Очень рад, что ты одобрил мою идею словаря боли. Меня, в свою очередь, заинтриговала
Кстати, мне вспомнилась одна смешная история, я ее рассказал было тебе в прошлом письме, про боль и как мы ее выражаем — или не выражаем. История отчасти соотносится с крутыми временами, какие сначала выпали, ты говоришь, вам с Кэтрин. Собственно, это две истории, верней, одна история в двух частях, и только вторая часть смешная.
Мы с Джолли и двух лет еще не были женаты, когда умер ее отчим и оставил нам деньжат, хоть и не такую сумму, на какую мы рассчитывали. У нас вошло в привычку шутя говорить про некое богатство: 'Вот получим богатство Джона', шутили-шутили — и поверили. Но оказалось, что богатством тут даже не пахнет, и мы все промотали за неполное лето в Париже, вместо того чтоб растянуть на целый год, как намечали. Джолли ужасно рвалась в Рим, где похоронен ее родной отец (убитый на войне), и с самого начала завелась только из-за того, по-моему, что я настоял на Париже. Она, несмотря на весьма приятную наружность, по сути натура мрачная и способна беспощадно дуться. Я был влюблен, но уже тогда я раскусил, что она отнюдь не сахар, ни с какой стороны не сахар. Своим ворчаньем, подковырками, нытьем, пока мы ехали на пароходе — и ведь ей все время надо было исподтишка меня шпынять, чуть ли не попрекать этими деньгами, — она меня совершенно извела, и ничего нет удивительного, что, когда мы добрались до Парижа, в первый же наш вечер я совсем расклеился и нас обоих оконфузил, выблевав на Елисейских Полях весь свой ужин. После чего был уложен на неделю в нашем номере.

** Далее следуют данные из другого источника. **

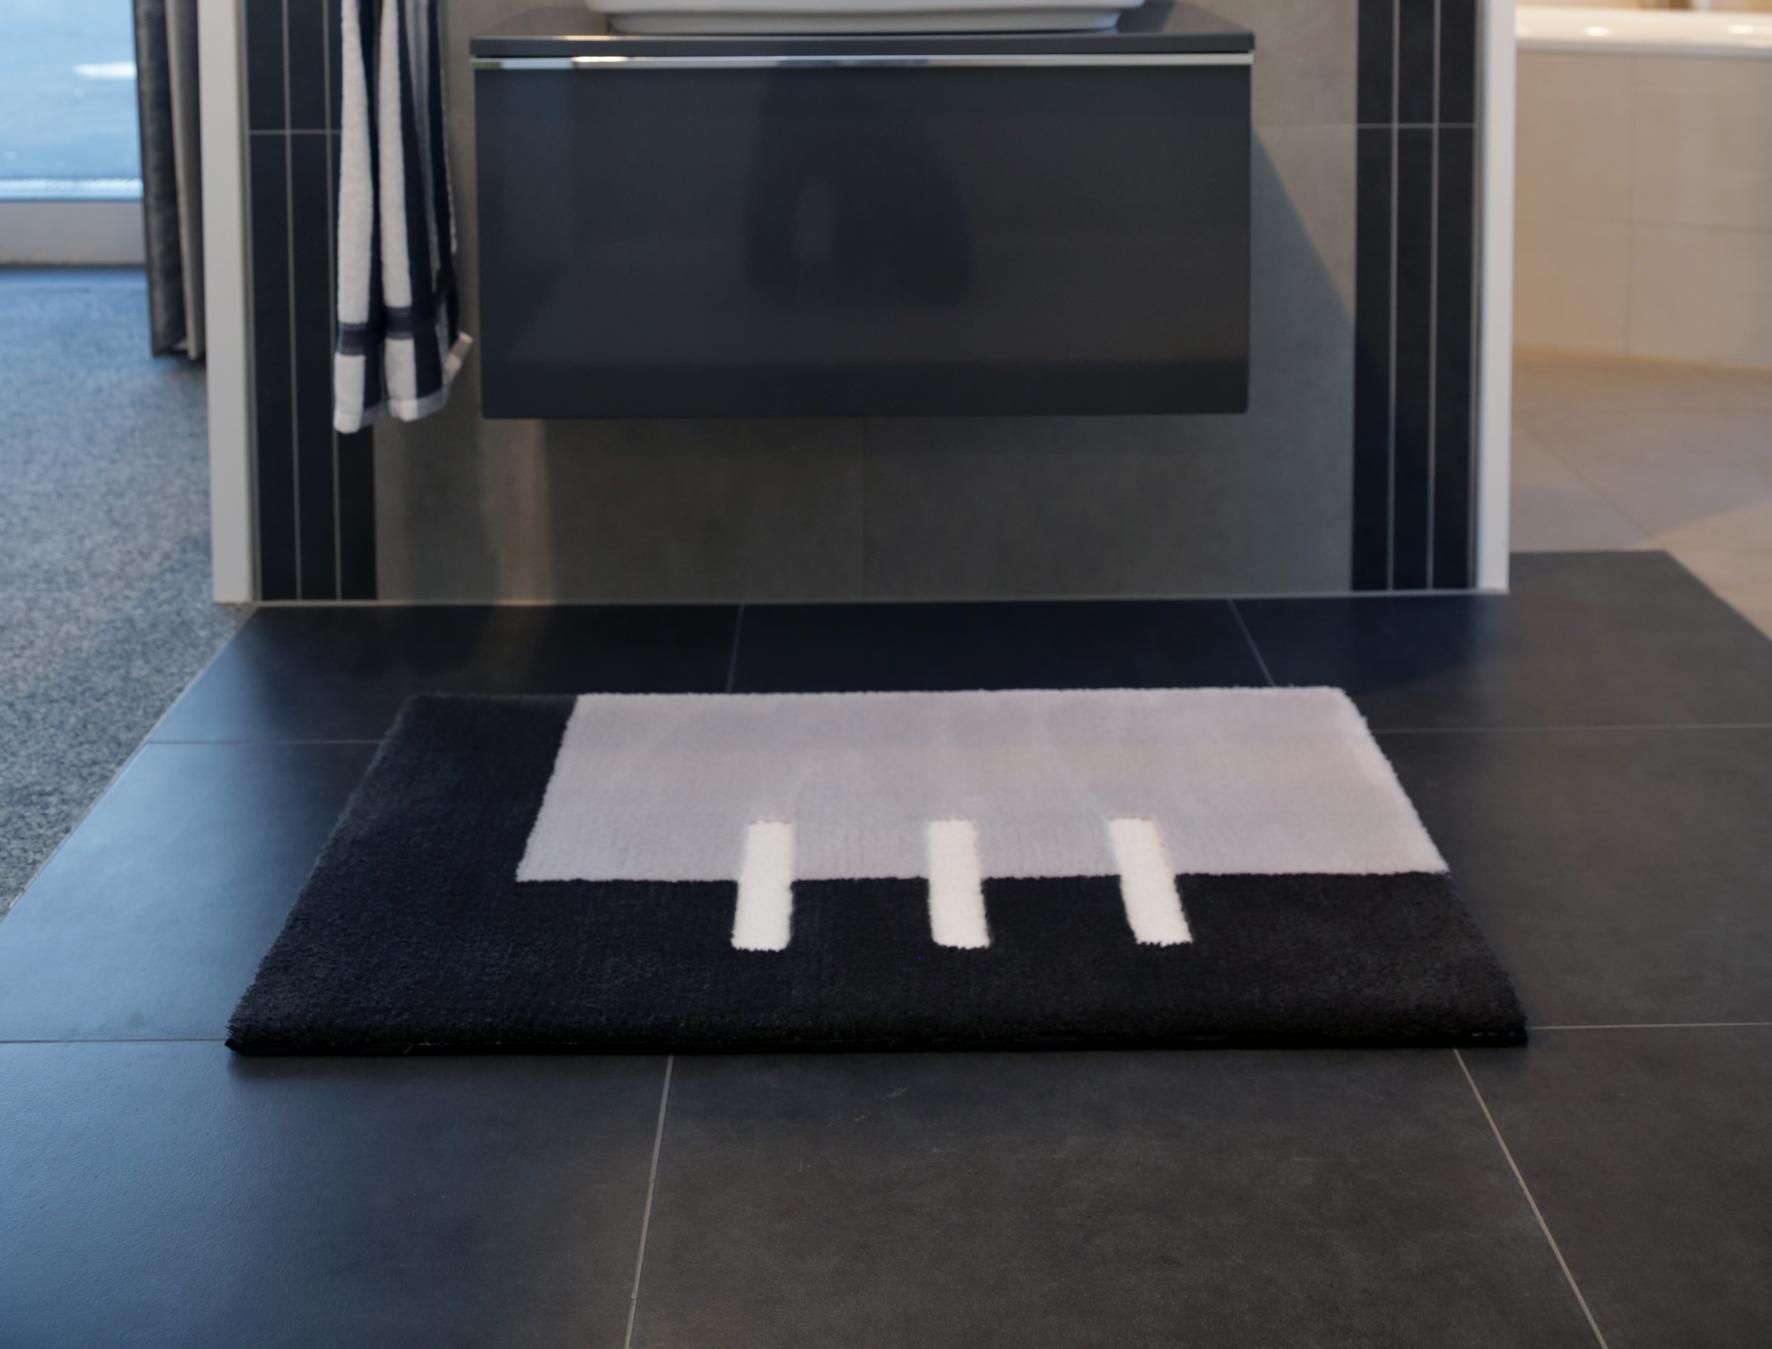 neues badteppich design badteppich imola wohn badteppiche nach ma. Black Bedroom Furniture Sets. Home Design Ideas
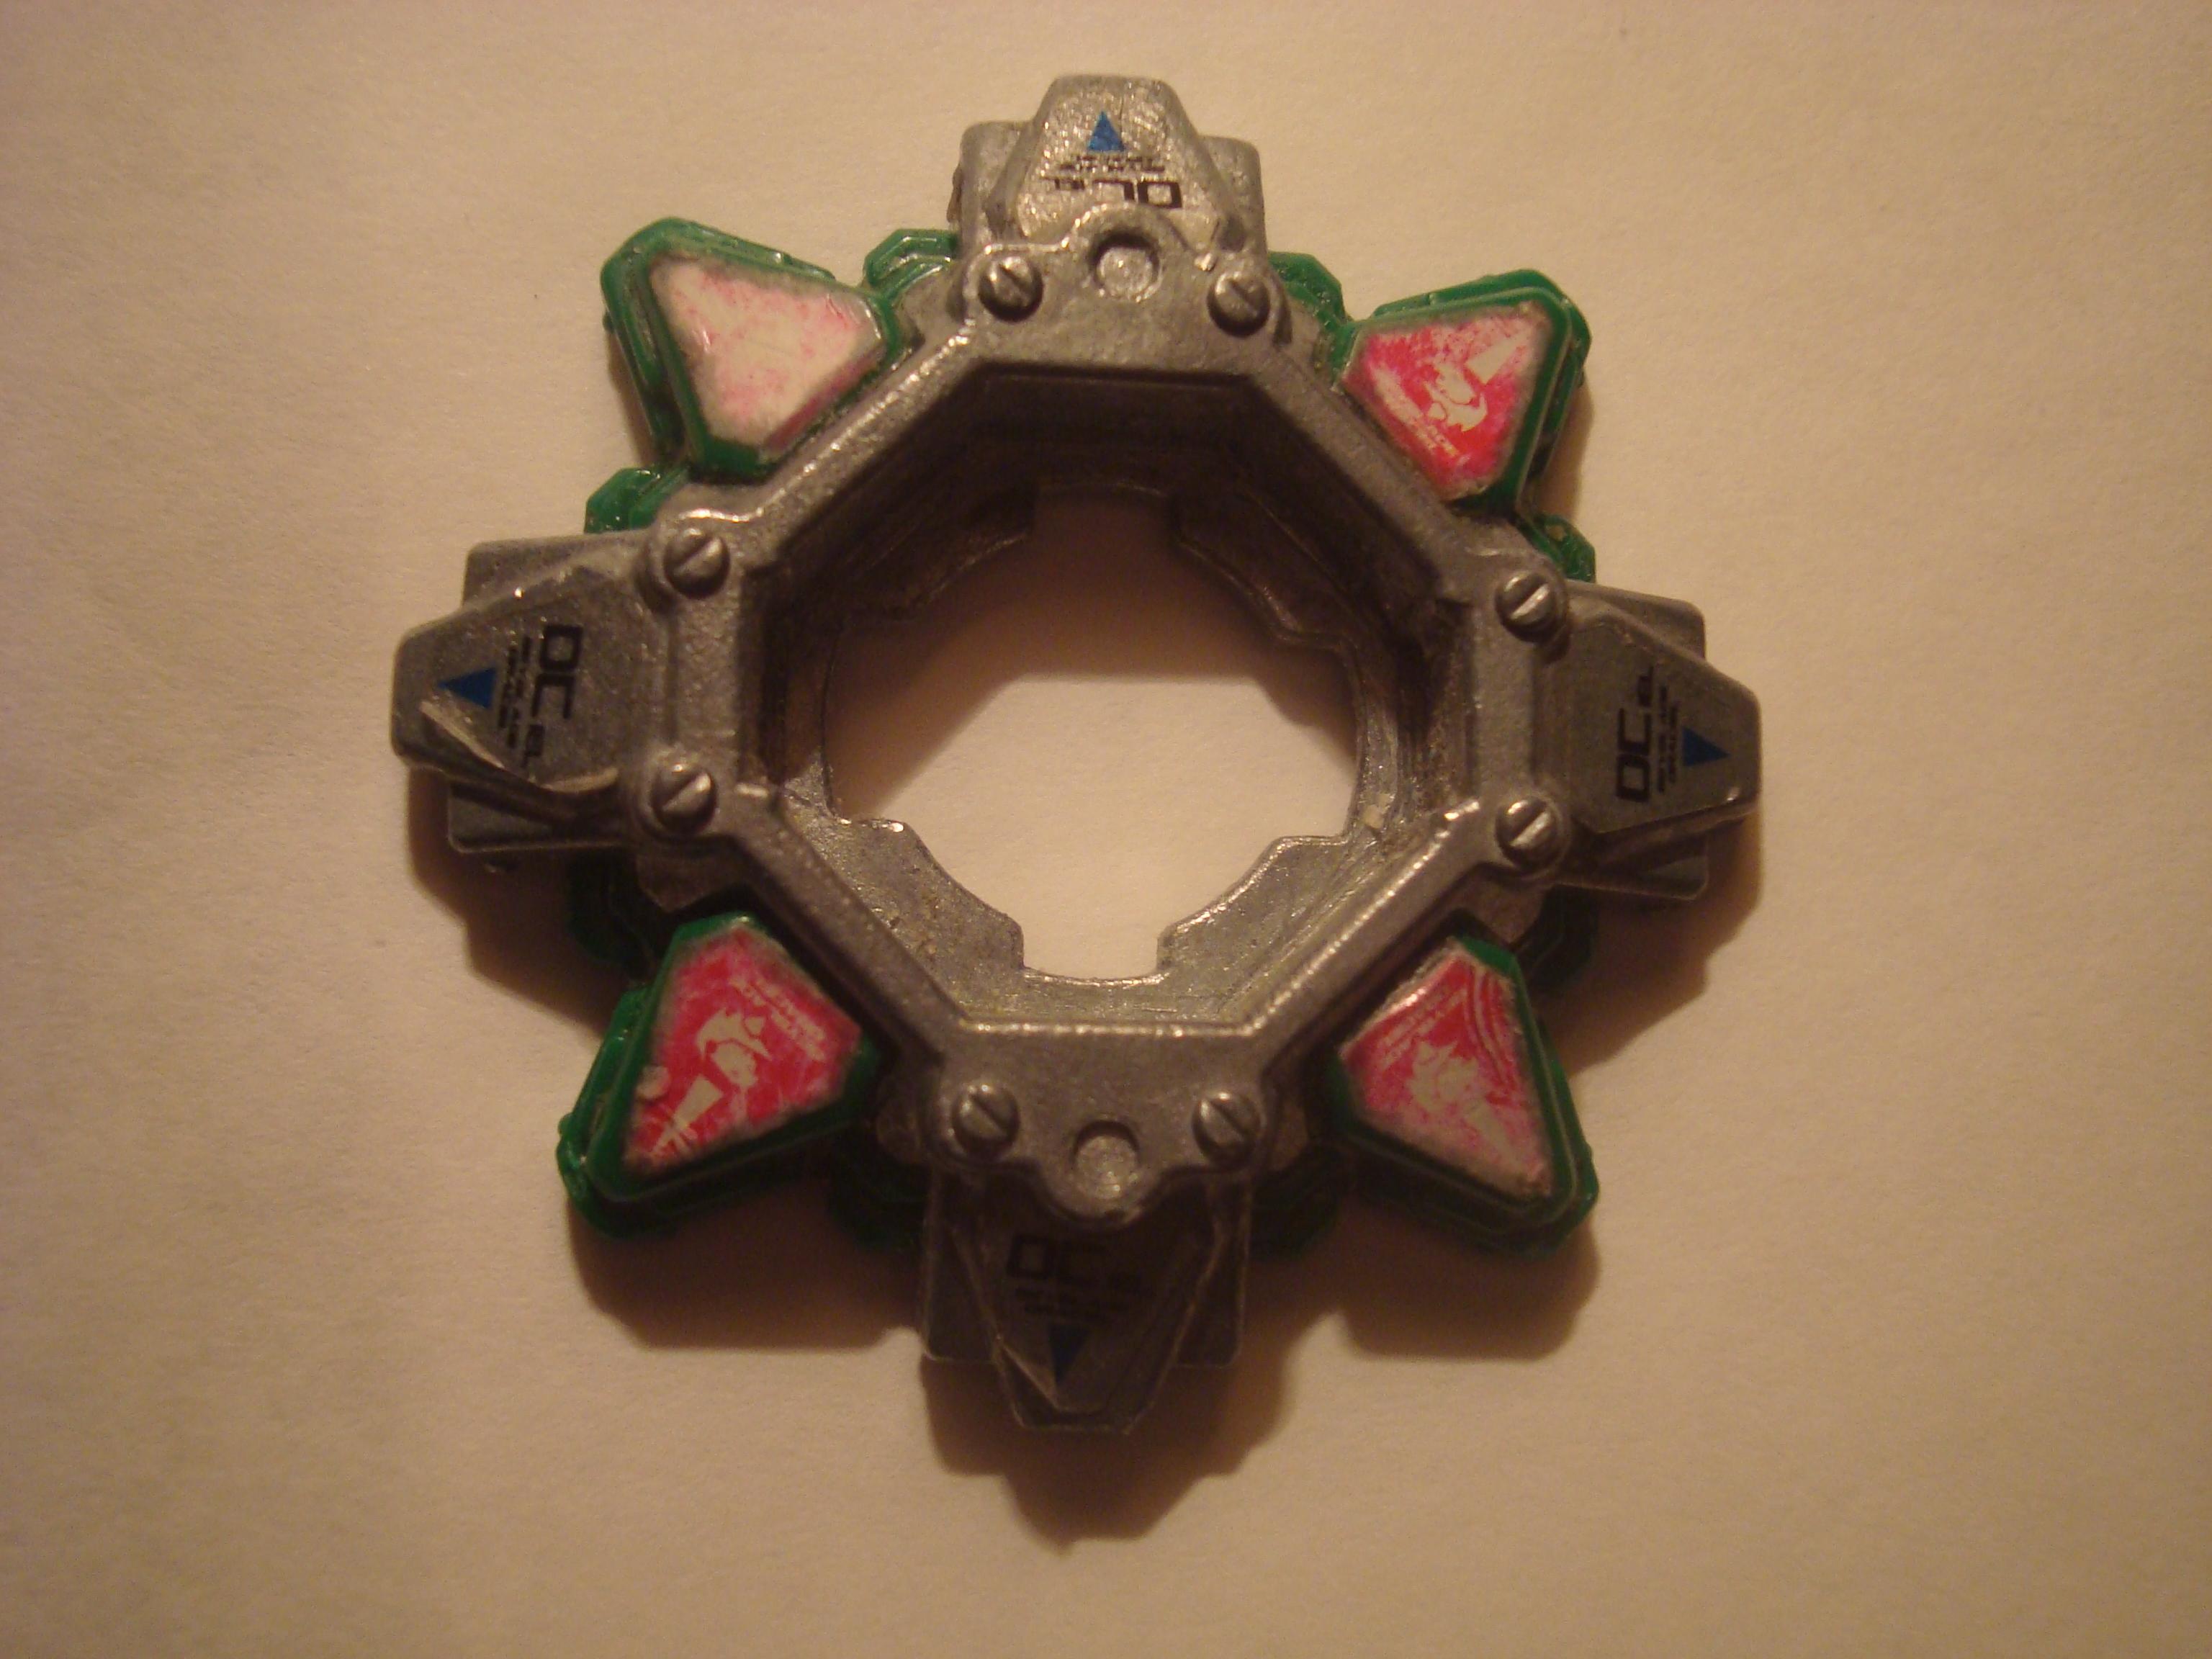 Attack Ring - Metal Defense

Однако Джолли, будучи, а может, представляясь, неутомимой туристкой, не стала из-за этого перекраивать свои планы. А я поддакивал, я соглашался: мол, да, конечно, хотя в душе себя чувствовал жестоко брошенным. Каждое утро она одолевала пять маршей узкой деревянной лестнице, чтоб выпить кофе с круассаном в занюханном бистро на углу, и возвращалась с большой бутылью виши для меня.